The improved characteristics of beams produced by new 4th generation synchrotron radiation sources with reduced horizontal emittance will open up a unique opportunity for creating efficient beam transport systems based on refractive optics. Due to a significant decrease in the horizontal size of the source and beam divergence, such systems can transmit a photon beam with almost no loss from the source to the sample under study or any intermediate nodes of the optical scheme (mirrors, crystals, lenses, etc.). Apparently, experimental stations will receive significant advantages when using easily tunable systems based on refractive lenses installed immediately after the source. In this regard, the development of radiation- and thermally stable diamond optics is crucial [5–8]. The implementation of a beam transportation system based on refractive lenses will greatly simplify the layout of most new stations [9], which opens up additional possibilities for studying materials under extreme conditions [10, 11]. This will also allow a smooth transition, in the course of modernization, from current beam parameters, at existing stations, to improved characteristics, avoiding major changes in the optical scheme [12].

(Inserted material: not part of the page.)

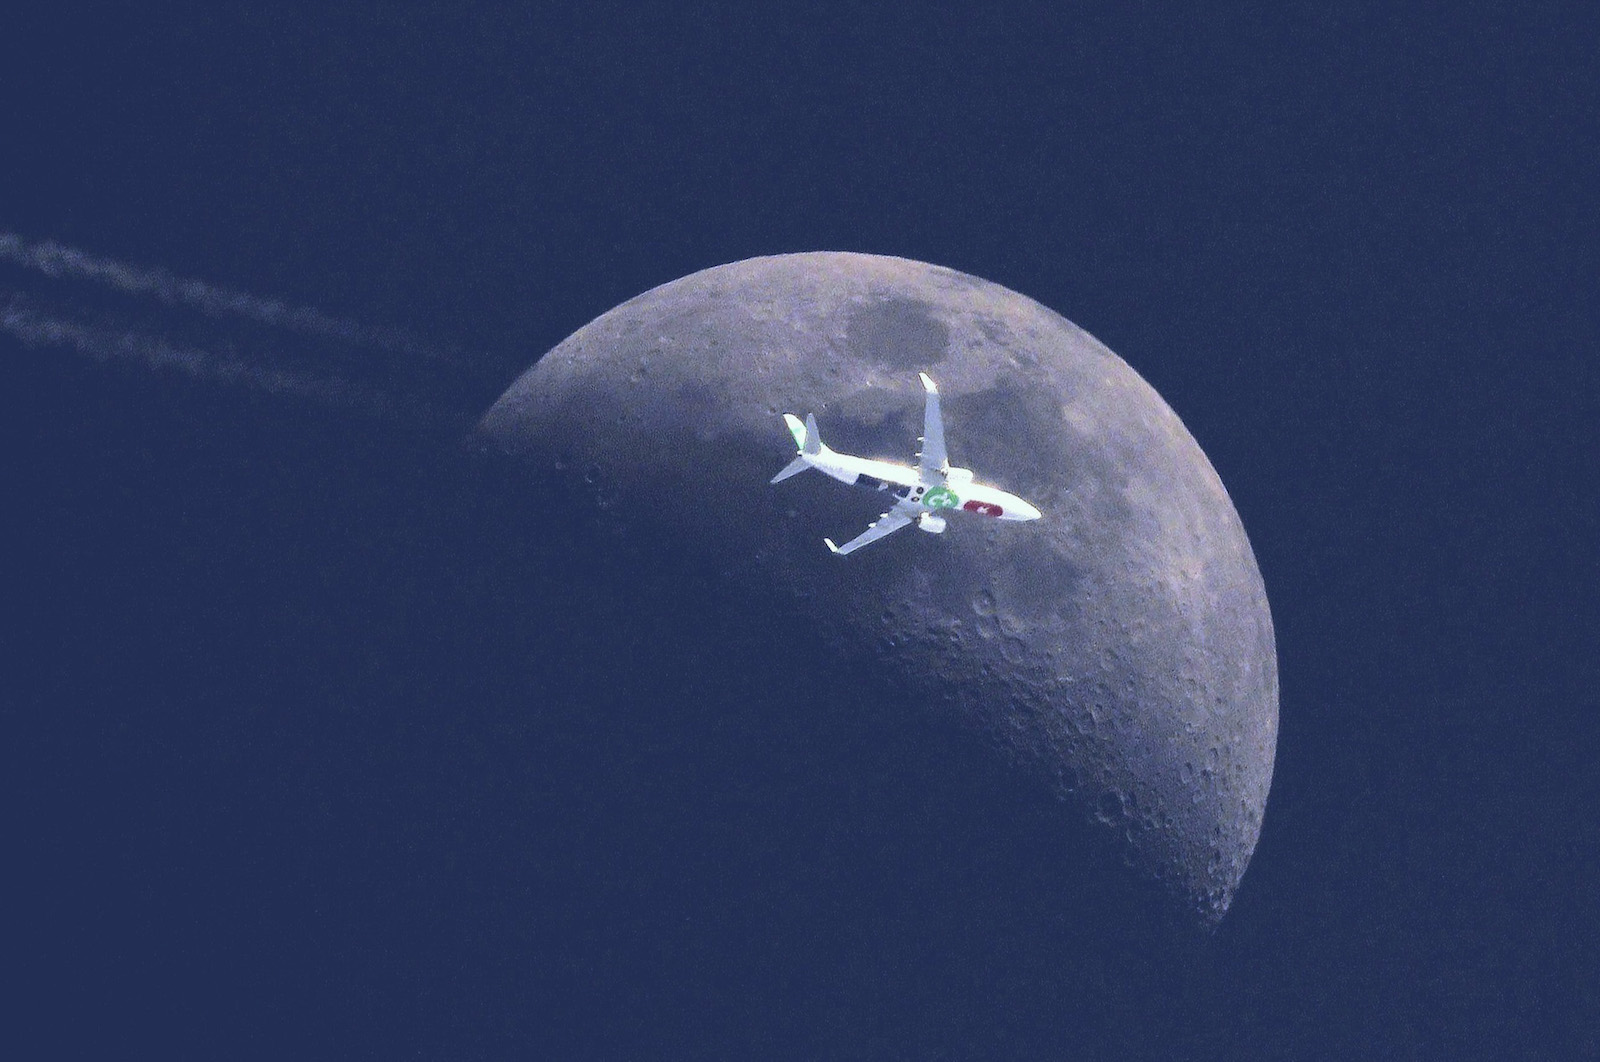 CATERS_PLANES_IN_FRONT_OF_THE_MOON_015_3432882.jpg

Applications of refractive optics can be extended to the field of Fourier optics, coherent diffraction, and microscopy [12–16]. To study the 3D structure of photonic crystals and mesoscopic materials [17–19], coherent diffraction microscopy methods and high-resolution diffraction methods using a refractive lens as a Fourier transducer were proposed. The beam formers – axicons [20], which allow creating wavefronts of a given shape, are of a particular interest. In this regard, the use of new additive 3D printing technologies for modeling and creating X‑ray micro-optics is difficult to overestimate [21,22].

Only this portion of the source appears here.